To test this, I wrote a Identity Mapper (which writes the input as-is to the output). In the driver, you explicitly specify the input format as your custom input format.
For e.g., I have specified the input format as:
job.setInputFormatClass(MultiLineInputFormat.class); // This is my custom class for InputFormat and RecordReader
Following is the code:
package com.myorg.hadooptests;
import org.apache.hadoop.conf.Configuration;
import org.apache.hadoop.fs.Path;
import org.apache.hadoop.io.LongWritable;
import org.apache.hadoop.io.NullWritable;
import org.apache.hadoop.io.Text;
import org.apache.hadoop.mapreduce.Job;
import org.apache.hadoop.mapreduce.Mapper;
import org.apache.hadoop.mapreduce.lib.input.FileInputFormat;
import org.apache.hadoop.mapreduce.lib.output.FileOutputFormat;
import java.io.IOException;
public class MultiLineDemo {
public static class MultiLineMapper
extends Mapper<LongWritable, Text , Text, NullWritable> {
public void map(LongWritable key, Text value, Context context) throws IOException, InterruptedException {
context.write(value, NullWritable.get());
}
}
public static void main(String[] args) throws Exception {
Configuration conf = new Configuration();
Job job = Job.getInstance(conf, "MultiLineMapper");
job.setInputFormatClass(MultiLineInputFormat.class);
job.setJarByClass(MultiLineDemo.class);
job.setMapperClass(MultiLineMapper.class);
job.setOutputKeyClass(Text.class);
job.setOutputValueClass(NullWritable.class);
FileInputFormat.addInputPath(job, new Path("/in/in8.txt"));
FileOutputFormat.setOutputPath(job, new Path("/out/"));
job.waitForCompletion(true);
}
}
I ran this on the following input.

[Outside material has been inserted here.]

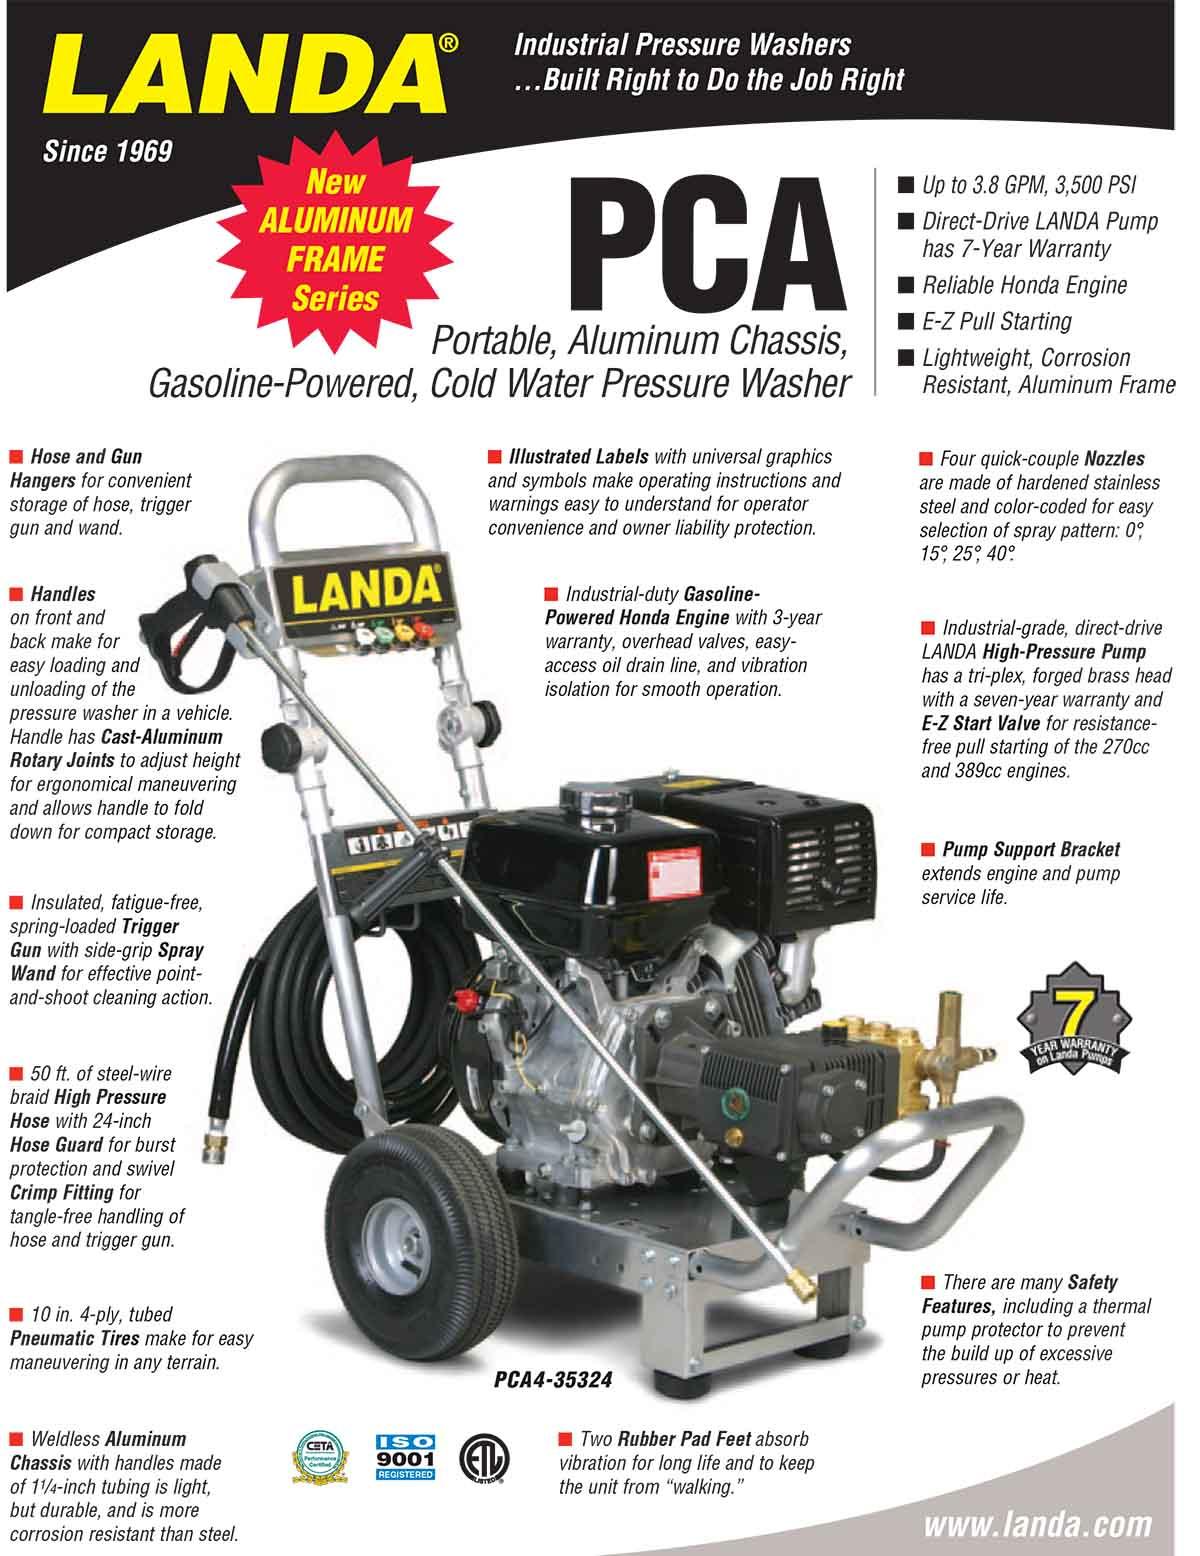 Karcher Pressure Washer Hds 650hochdruckreiniger Krcher Typ 698 580 Wiring Diagram 100 Www Jeffdoedesign Com

The input records match the output records exactly. You can see that 2nd field in each record, contains new lines ("\n"), but still entire record is returned in the output.
E:\HadoopTests\target>hadoop fs -cat /in/in8.txt
1 "post1 \n" 3
1 "post2 \n post2 \n" 3
4 "post3 \n post3 \n post3 \n" 6
1 "post4 \n post4 \n post4 \n post4 \n" 6
E:\HadoopTests\target>hadoop fs -cat /out/*
1 "post1 \n" 3
1 "post2 \n post2 \n" 3
1 "post4 \n post4 \n post4 \n post4 \n" 6
4 "post3 \n post3 \n post3 \n" 6
Note: I wrote this code for demo purpose. You need to handle the corner cases (if any) and optimize the code (if there is a scope for optimization).